Source information
════════════════

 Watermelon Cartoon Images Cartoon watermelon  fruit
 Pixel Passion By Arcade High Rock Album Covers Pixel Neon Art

════════════════

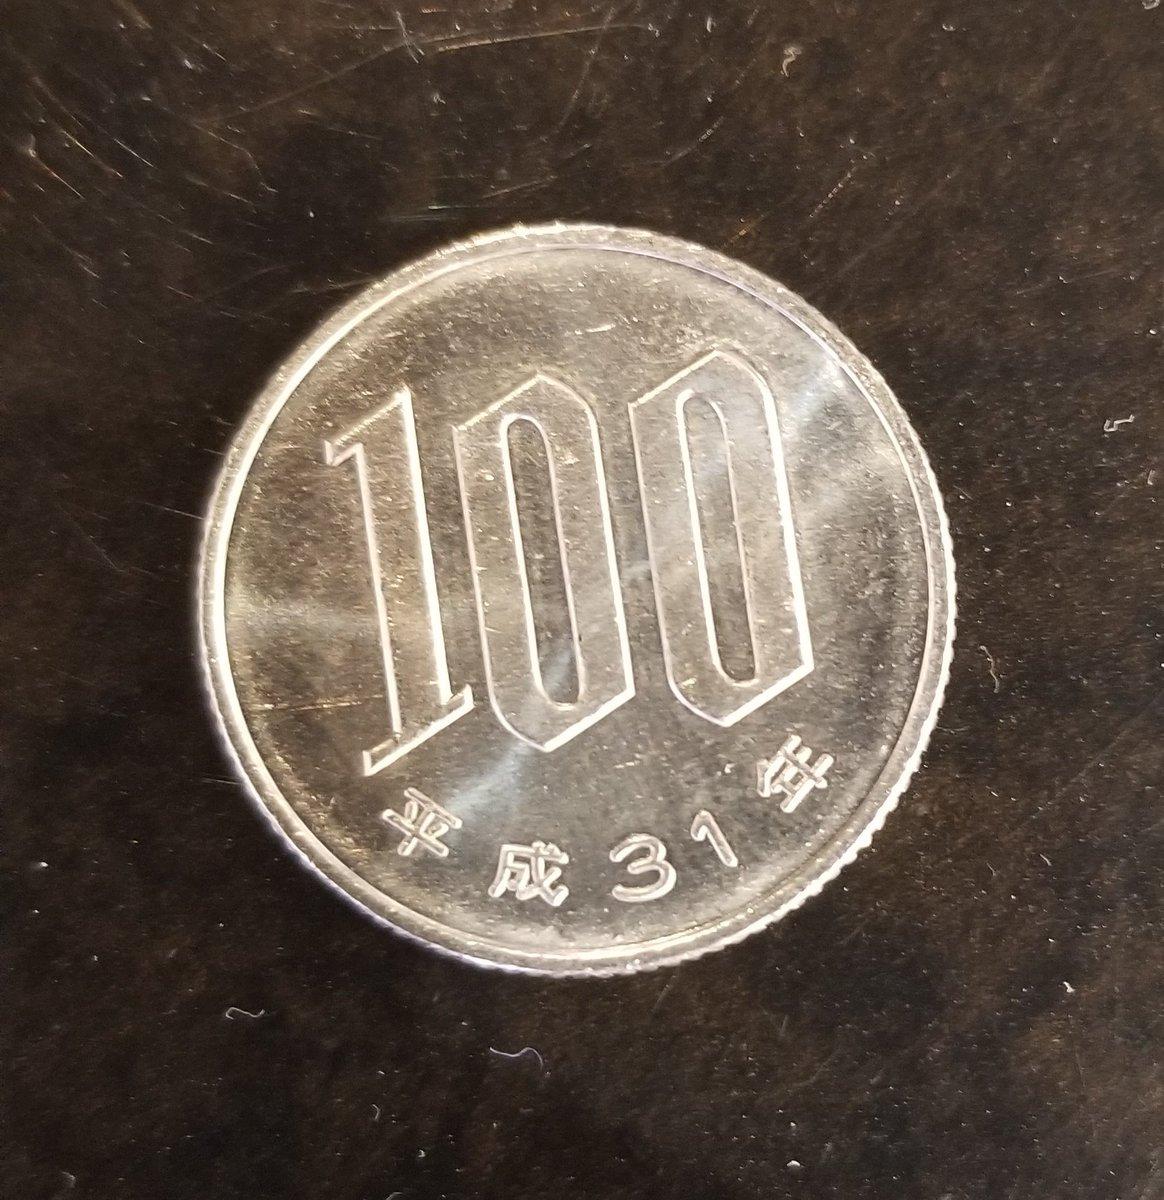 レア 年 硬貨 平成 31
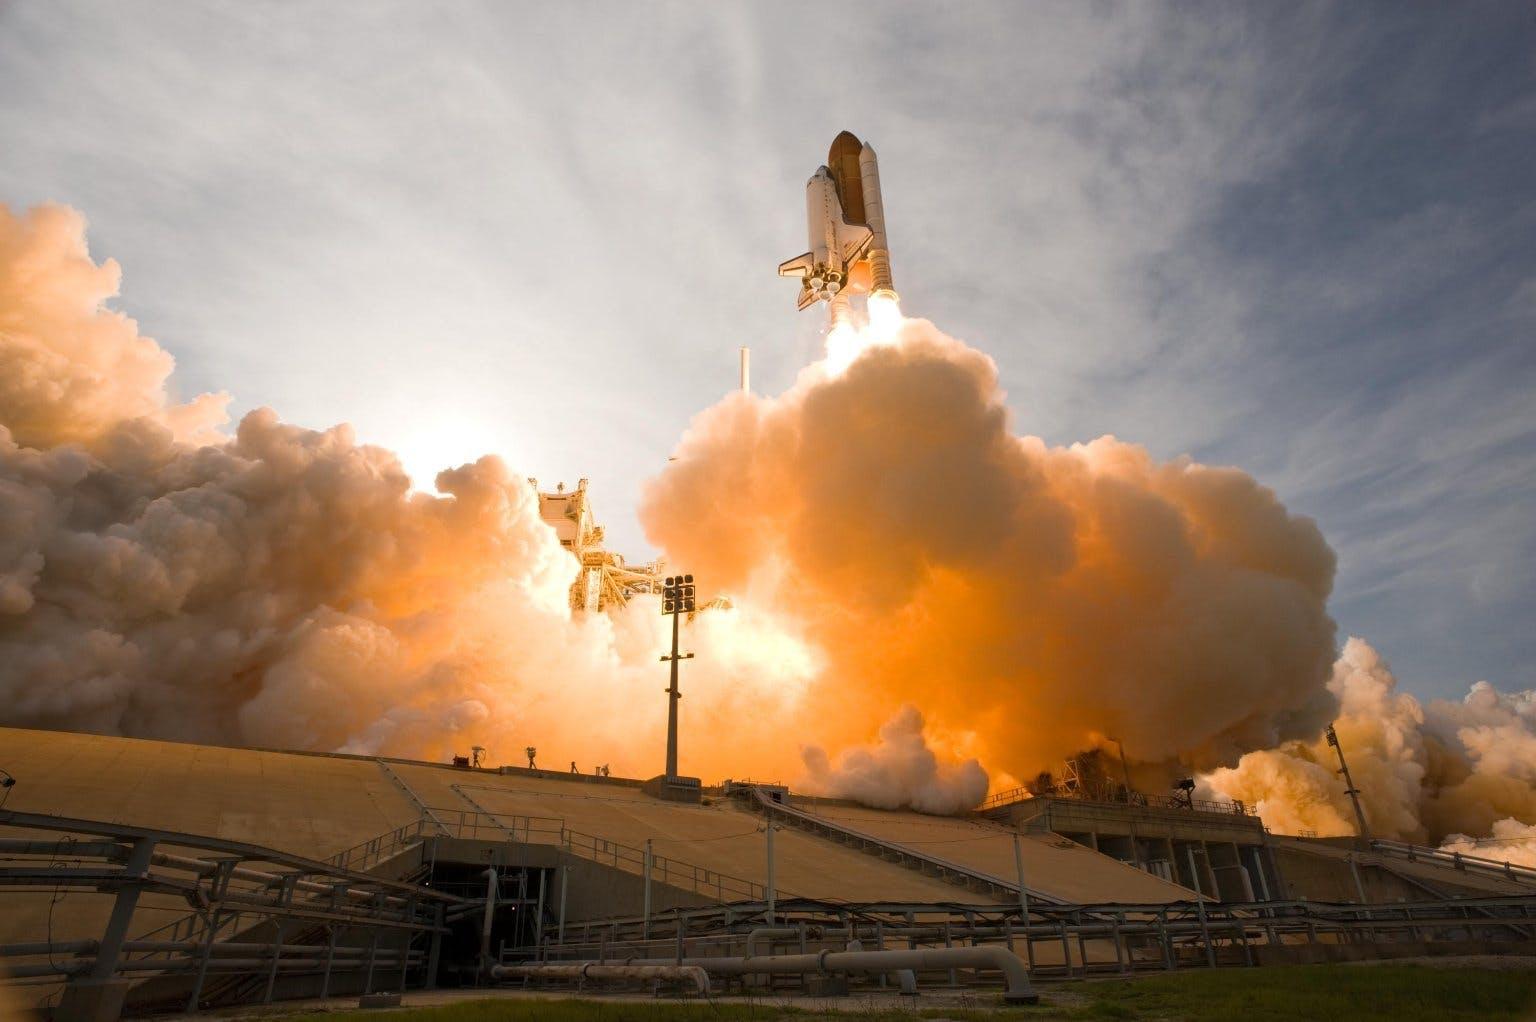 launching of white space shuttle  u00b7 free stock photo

════════════════

Your objective
Look above for the line with "Watermelon Cartoon Images" and the line with "Pixel Passion By". Retype those two lines and every line between them exactly, adding nothing.

Result
 Watermelon Cartoon Images Cartoon watermelon  fruit
 Pixel Passion By Arcade High Rock Album Covers Pixel Neon Art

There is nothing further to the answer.